Vince’s daughter Stephanie McMahon succeeds him as “Chairwoman” and CEO of the company. Co-CEO at her side is former sports media agent Nick Khan, previously president and chief financial officer for two years – and the man behind the league’s billion-dollar TV and streaming deals.

However, the final say over WWE programming has been inherited by another from McMahon: “Triple H” Paul Levesque, Stephanie’s husband, as the man in charge of creative and talent, makes all the key decisions on the squad, the design of the shows, the outcome of the matches, the selection of title holders.

Who decides the winners of the matches?

The all important matches: Triple H. For the groundwork, like McMahon before him, he has a large staff. The stories that are told in and around the ring at WWE are thought up – in line with the guidelines set by the executive suite – by the creative teams assigned to RAW, SmackDown and co. The writers are often lateral hires from Hollywood; actor Freddie Prinze Jr. for example was also once a WWE writer.

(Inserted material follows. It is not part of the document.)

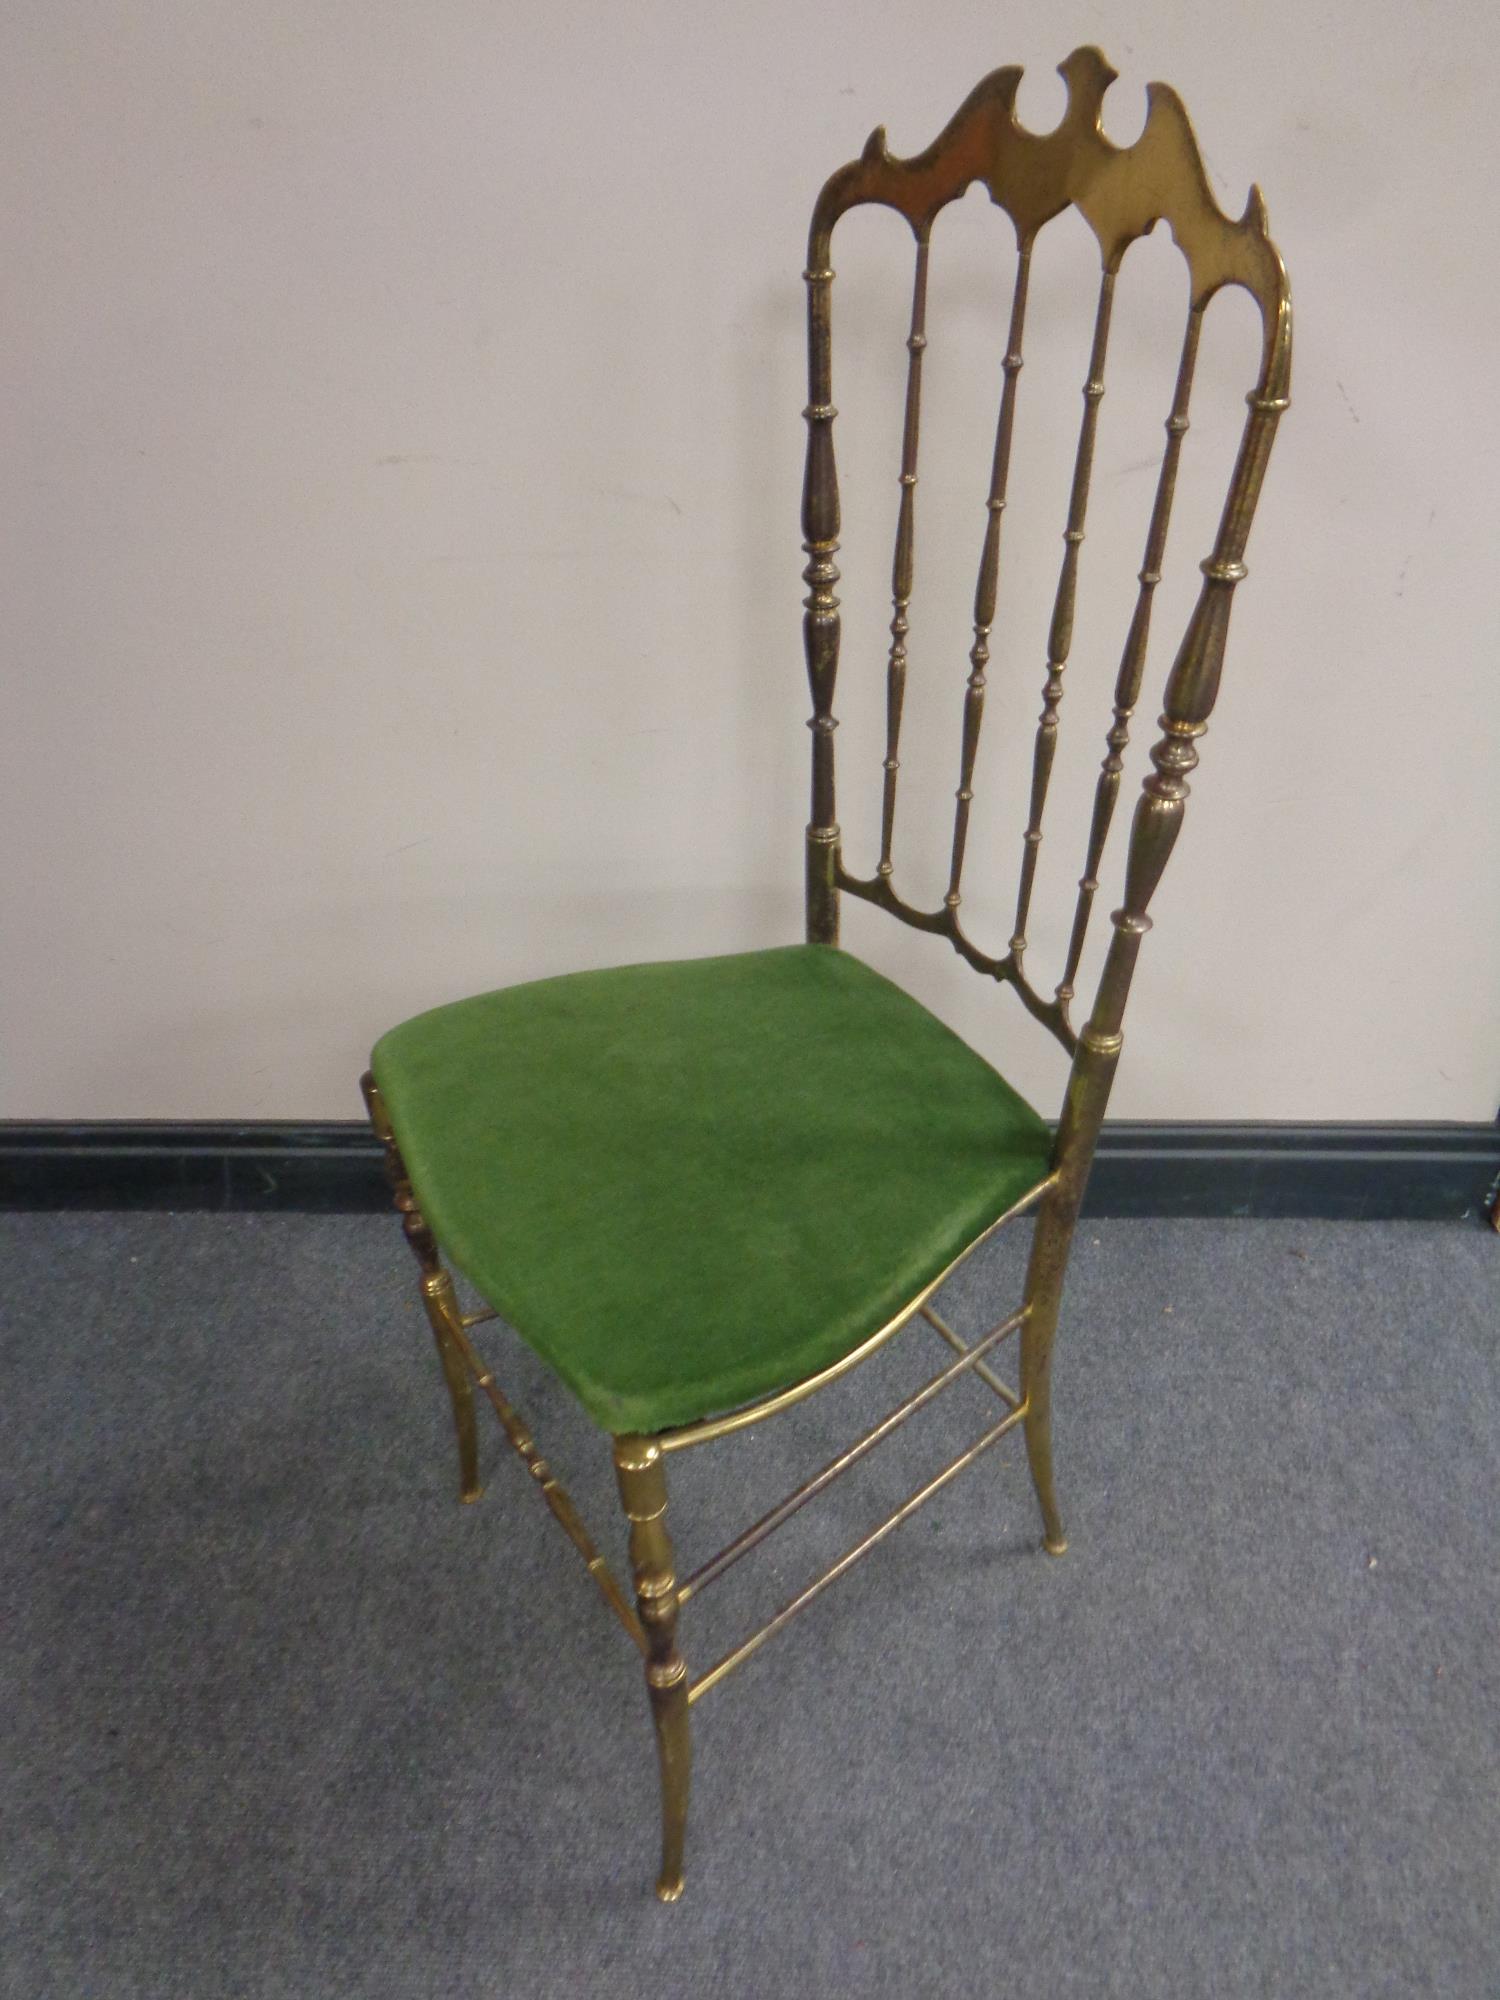 A brass bedroom chair

For each major show, a script is written that resembles a classic TV script: it defines the matches and their outcomes, as well as the order and course of interviews, promo segments and brawls. Deserving WWE stars are also allowed to involve themselves in the writing of their stories, under Triple H the freedoms are likely to be greater.

Who designs the matches?

Producers, formerly called road agents, are responsible for running the matches and other segments in the ring. They are ex-wrestlers like Jamie Noble, “Hurricane” Shane Helms and Molly Holly, who are the link between the writers and the actives.

Former WWE hopeful Jason Jordan, who was halted by a dramatic injury in his active career, serves as senior producer.

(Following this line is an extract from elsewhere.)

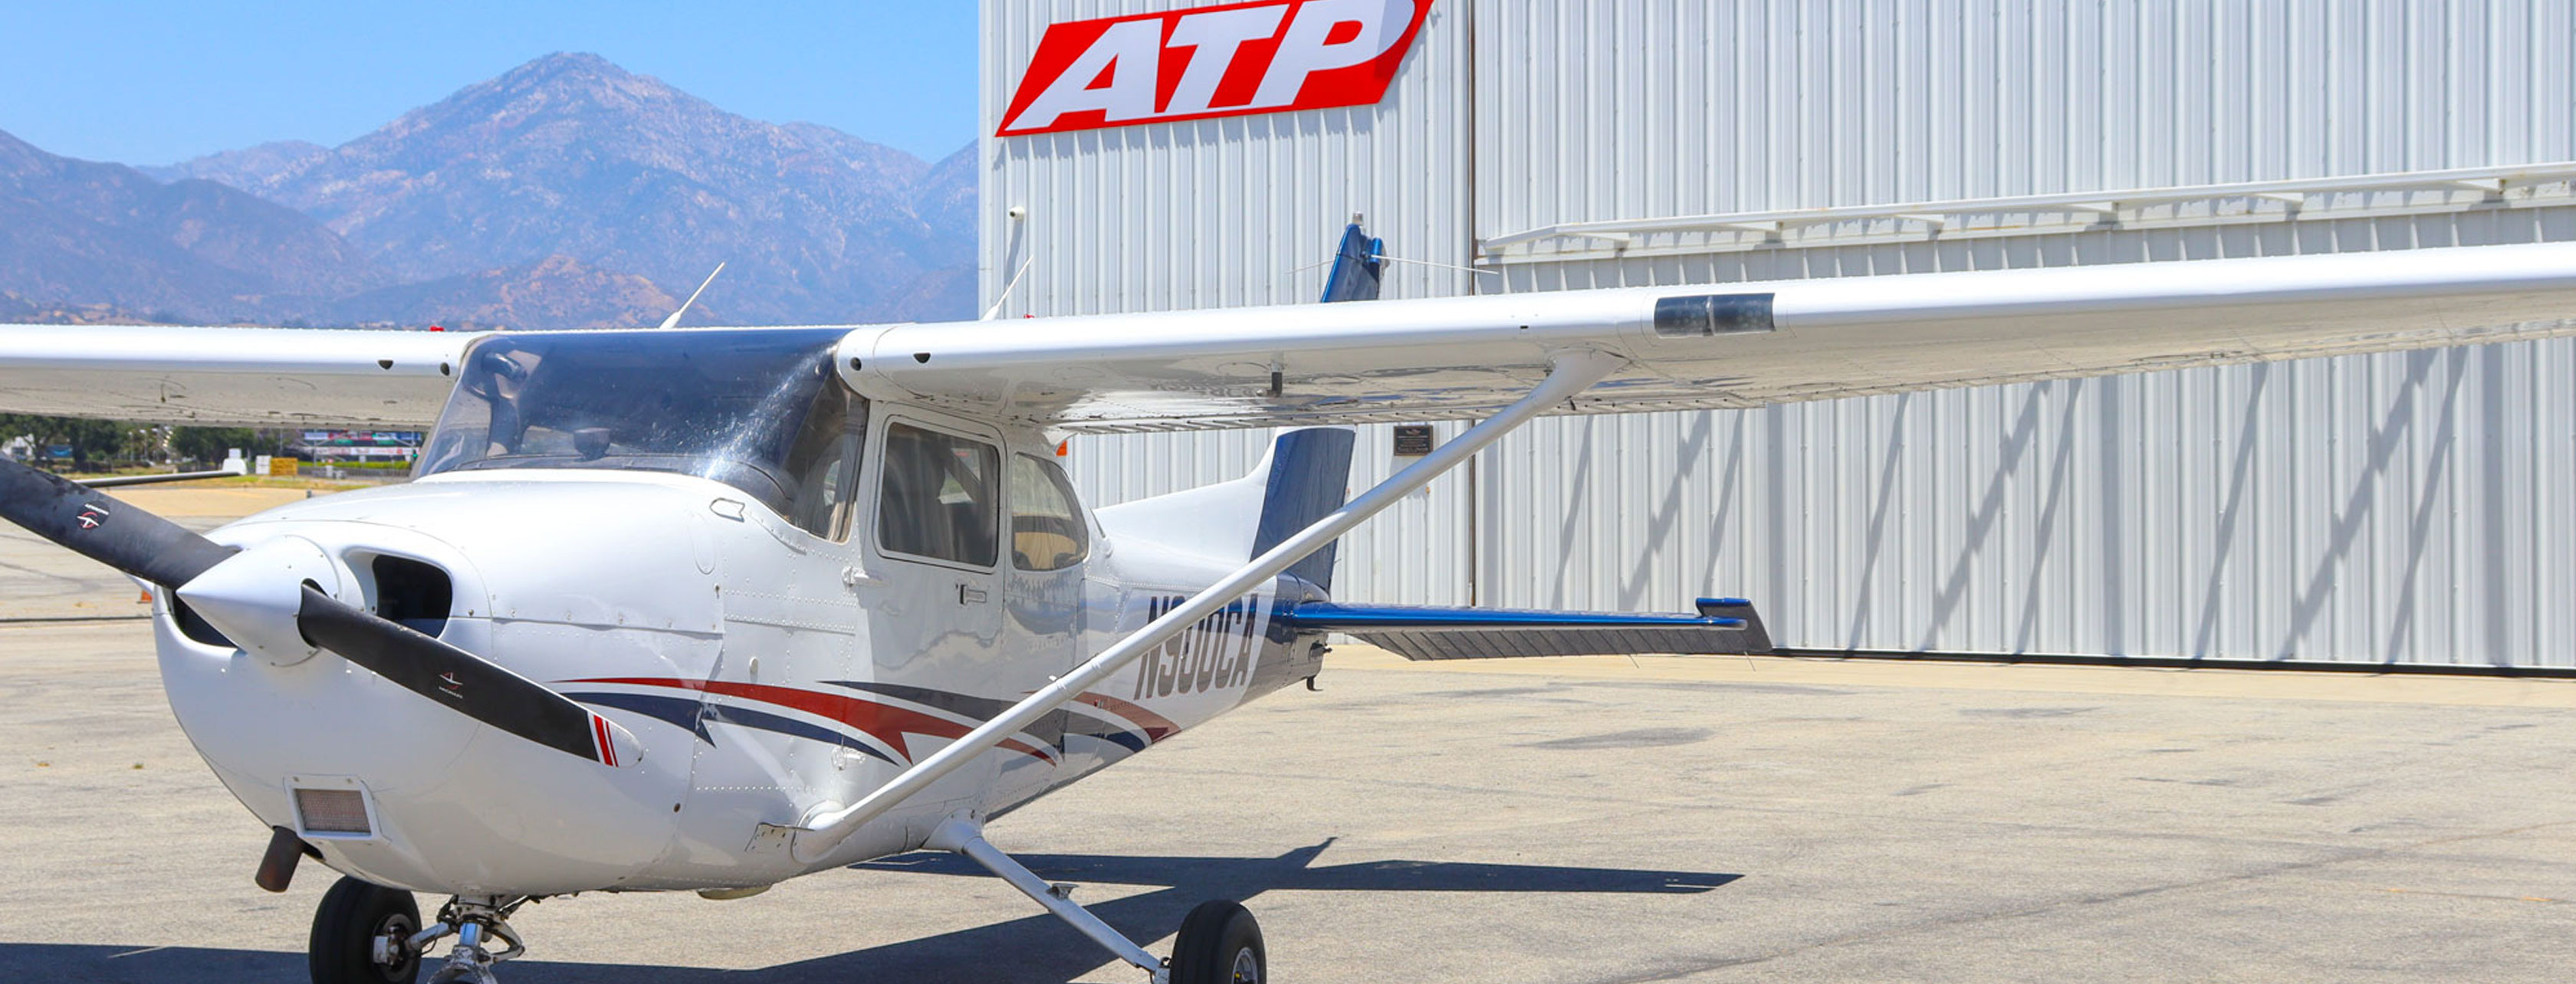 ATP Flight School - Los Angeles, CA

How heavily a fight is choreographed depends on the importance of the match and the experience of those involved. Reliable veterans often only get the broad strokes. “There are a lot more spontaneous, creative elements incorporated into matches by us wrestlers than most would guess,”

Why did the WWF become WWE?

The abbreviation of WWWF to WWF brought the league into conflict with the conservation organisation World Wildlife Fund (WWF). For a while it could still be settled because WWF assured WWF that it would not sell itself via the abbreviation but via the written-out version. In the Internet era, however, the dispute over the domain WWF.com became a divisive issue: the conservationists sued, the league lost, and from 2002 it was called WWE.